## DATA RECORDS
=== Begin Enclosure ===

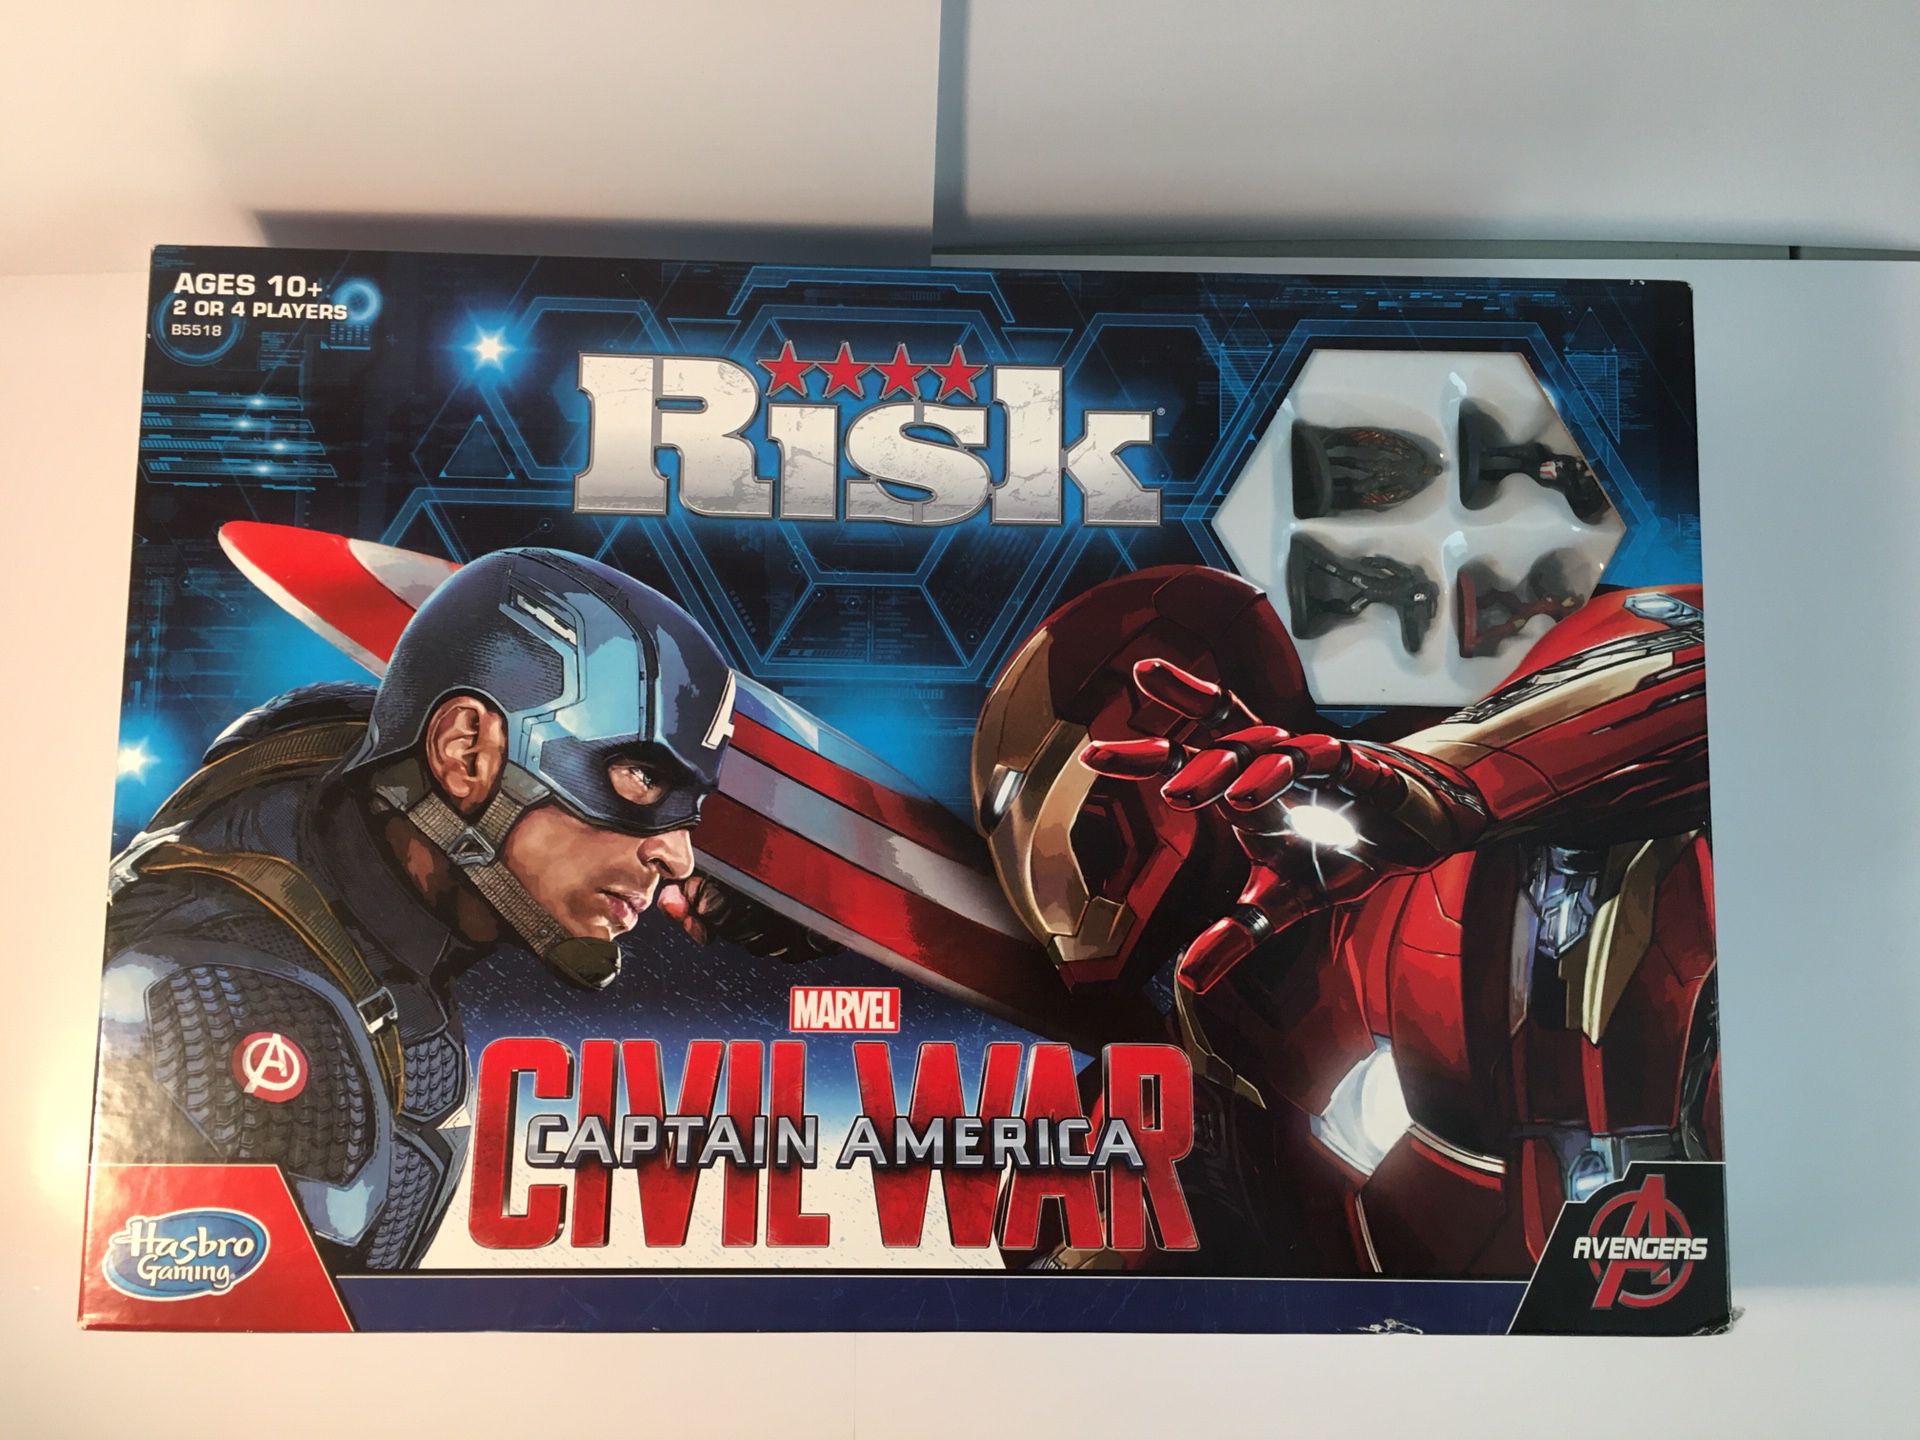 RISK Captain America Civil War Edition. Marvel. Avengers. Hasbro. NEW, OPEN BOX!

=== End Enclosure ===
=== Begin Enclosure ===

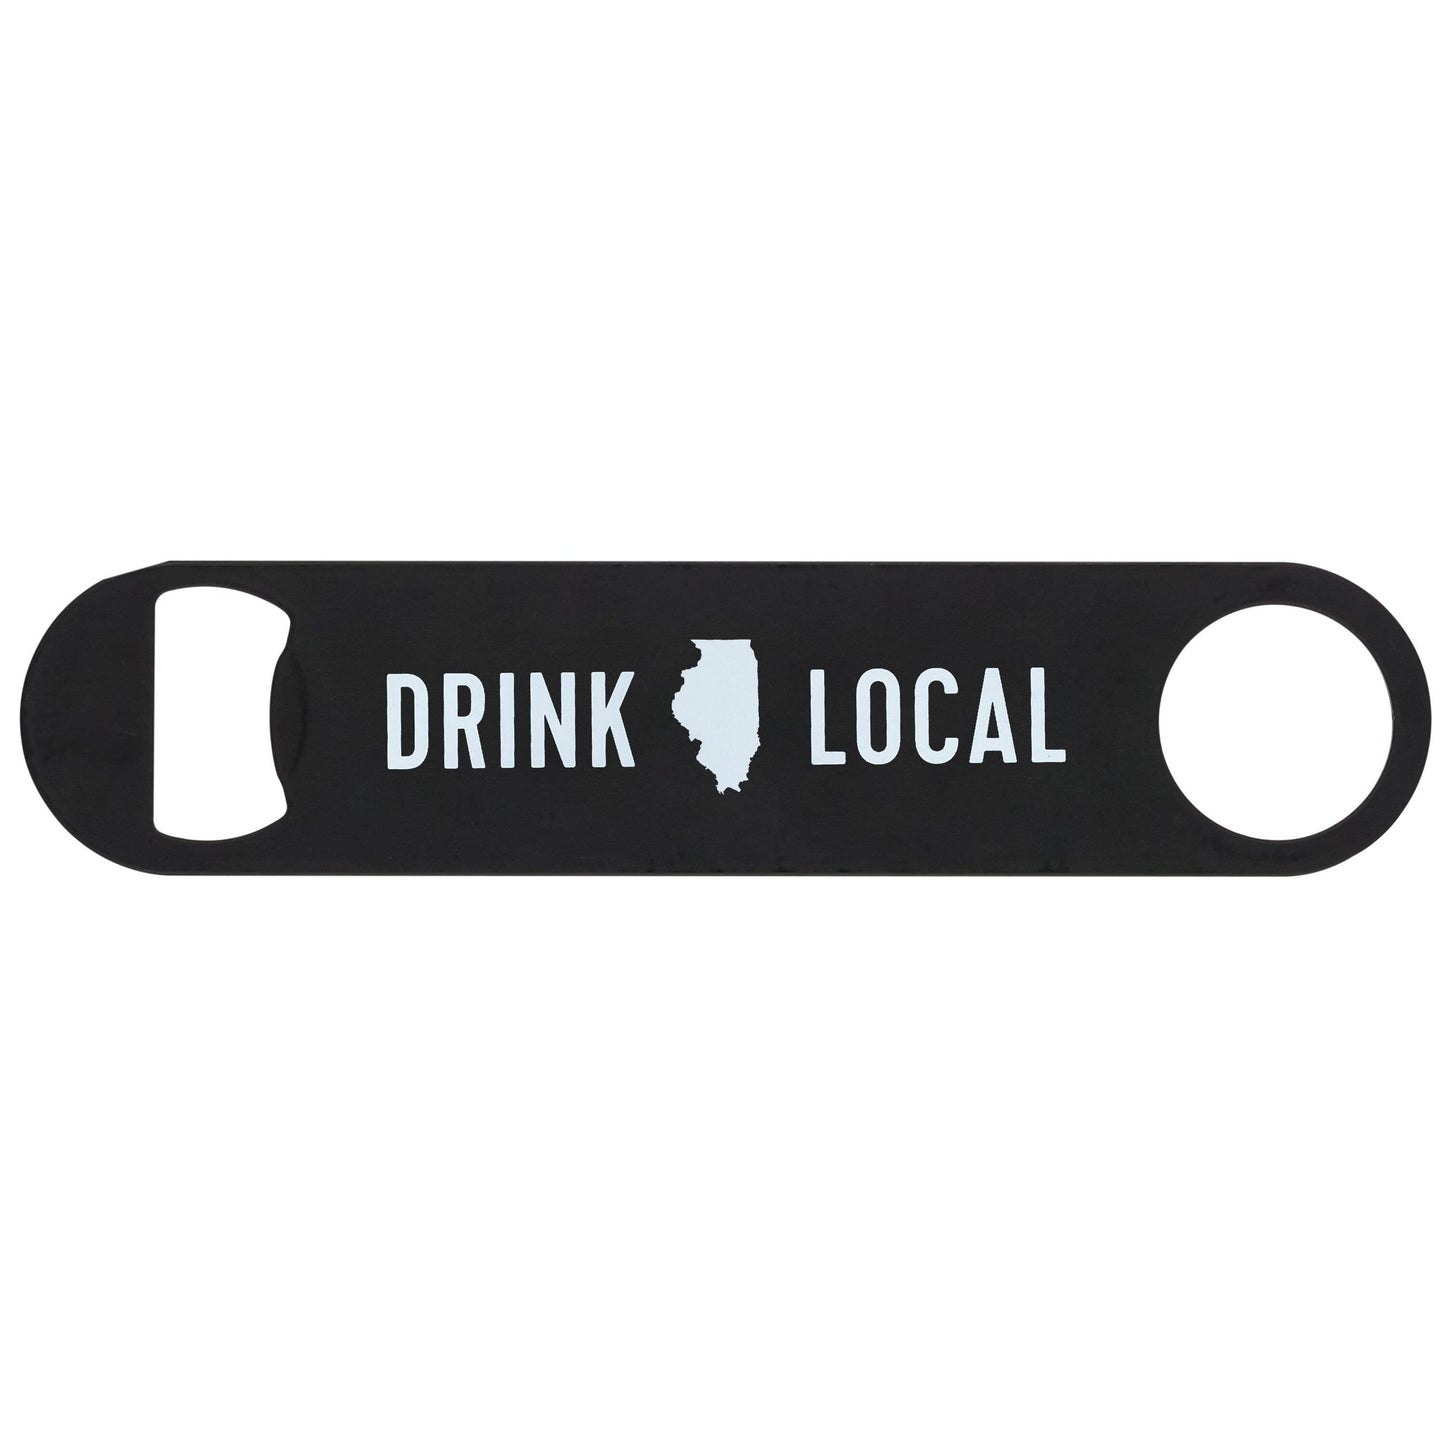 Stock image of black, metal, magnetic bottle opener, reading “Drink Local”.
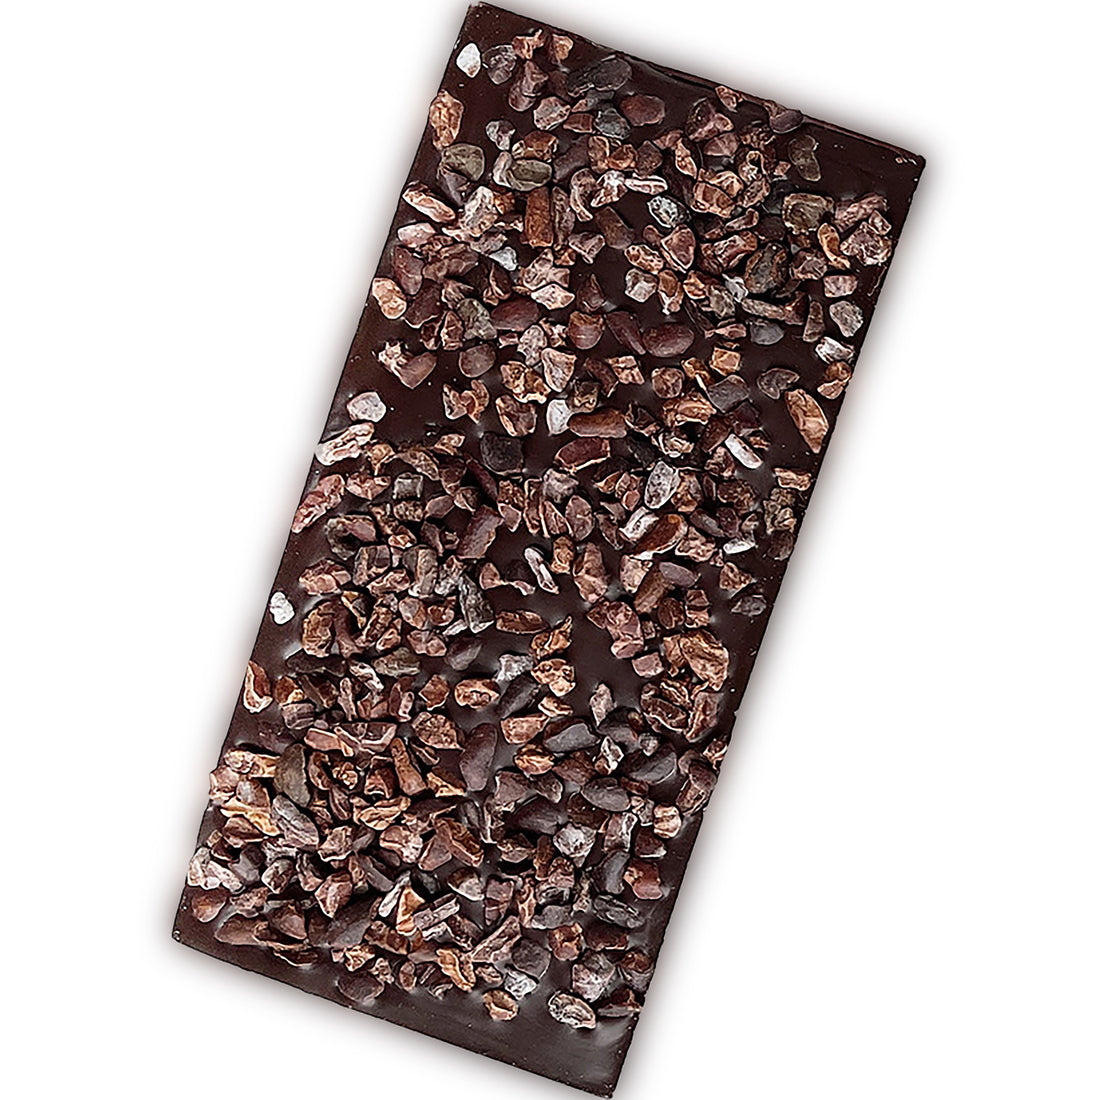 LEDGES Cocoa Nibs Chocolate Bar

=== End Enclosure ===

## WHAT TO PRODUCE
How would the lines above read from the one with "Stock image of" to the one with "LEDGES Cocoa Nibs Chocolate Bar", inclusive, with no pictures? Write them out exactly.

## WRITTEN ANSWER
 Stock image of black, metal, magnetic bottle opener, reading “Drink Local”.
 LEDGES Cocoa Nibs Chocolate Bar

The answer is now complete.